Introduction to IPSG configuration commands

(1) Configure static user binding entries:

[Huawei] user-bind static { { { ip-address | ipv6-address } { start-ip [ to end-ip ] } &<1-10> | ipv6-prefix prefix/prefix-length } | mac-address mac-address } * [ interface interface-type interface-number ] [ vlan vlan-id [ ce-vlan ce-vlan-id ] ]
1.

[Huawei] user-bind static { { { ip-address | ipv6-address } { start-ip [ to end-ip ] } &<1-10> | ipv6-prefix prefix/prefix-length } | mac-address mac-address } * [ interface interface-type interface-number ] [ vlan vlan-id [ ce-vlan ce-vlan-id ] ]
1.

(2) Enable IPSG function:

[Huawei-GigabitEthernet0/0/1] ip source check user-bind enable
1.

Enable the IP packet inspection function on the interface or VLAN, and make the VLAN view configuration consistent with the interface view.

(3) Enable IP packet inspection alarm function:

[Huawei-GigabitEthernet0/0/1] ip source check user-bind alarm enable
1.

(4) Configure IP packet inspection alarm thresholds

[Huawei-GigabitEthernet0/0/1] ip source check user-bind alarm threshold threshold
1.

After the IP packet inspection alarm function is configured, when the discarded IP packets exceed the alarm threshold, an alarm will be generated to remind the user.

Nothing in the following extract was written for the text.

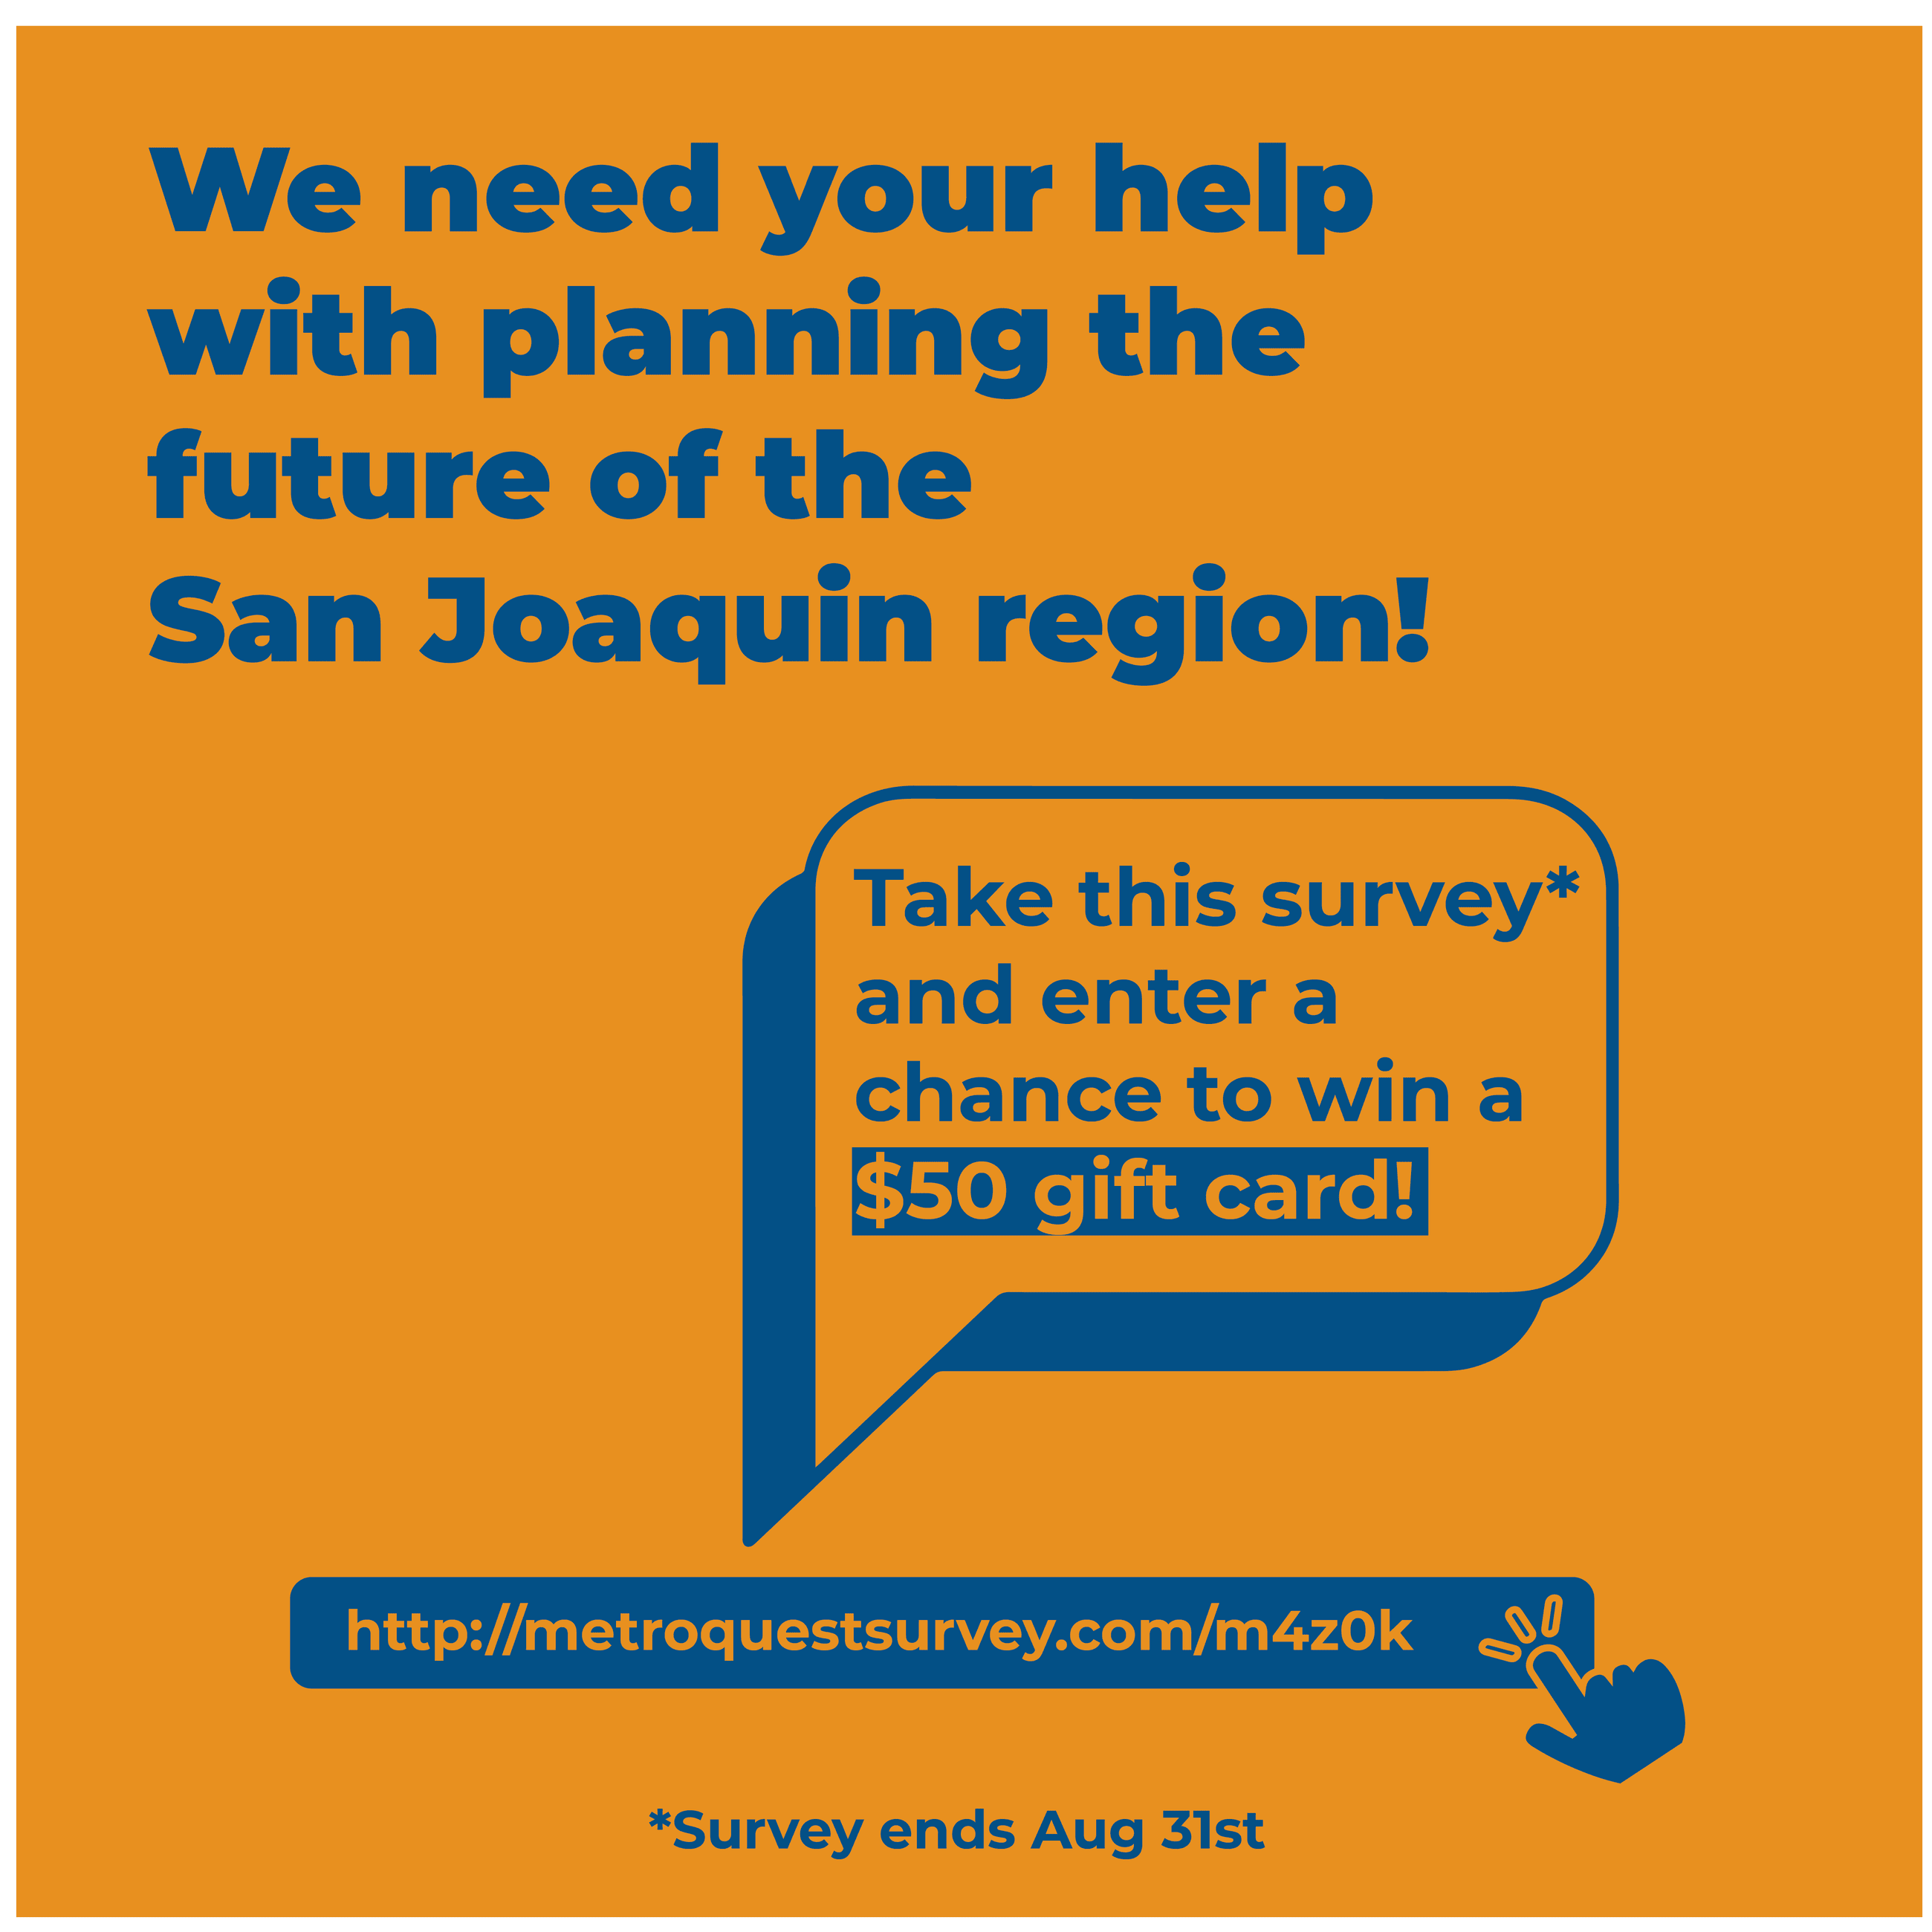 Plan for the future of San Joaquin!

IPSG configuration example

As shown in the figure: Network terminal equipment is manually configured with static IP addresses for unified management, and IPSG is configured on the access switch to prevent hosts from illegally gaining access to the network by changing their IP addresses privately.

• Configure static binding table
• Enable IPSG and alarm reporting functions

Switch1 is configured as follows:

#在接入交换机上配置静态绑定表
[Switch1] user-bind static ip-address 10.1.1.1 mac-address 5489-98C2-1486 
[Switch1] user-bind static ip-address 10.1.1.10 mac-address 5489-98AB-22A7
#使能GE0/0/1接口IPSG和IP报文检查告警功能
[Switch1] interface GigabitEthernet 0/0/1
[Switch1-GigabitEthernet0/0/1] ip source check user-bind enable
[Switch1-GigabitEthernet0/0/1] ip source check user-bind alarm enable
[Switch1-GigabitEthernet0/0/1] ip source check user-bind alarm threshold 100
#接口GE0/0/2配置与GE0/0/1类似，此处省略
1.
2.
3.
4.
5.
6.
7.
8.
9.

To verify the configuration, execute the display dhcp static user-bind all command on the Switch to view the static binding table information. PC1 and PC2 can access the network normally using the fixed IP addresses assigned by the administrator, but cannot access the network after changing the IP addresses.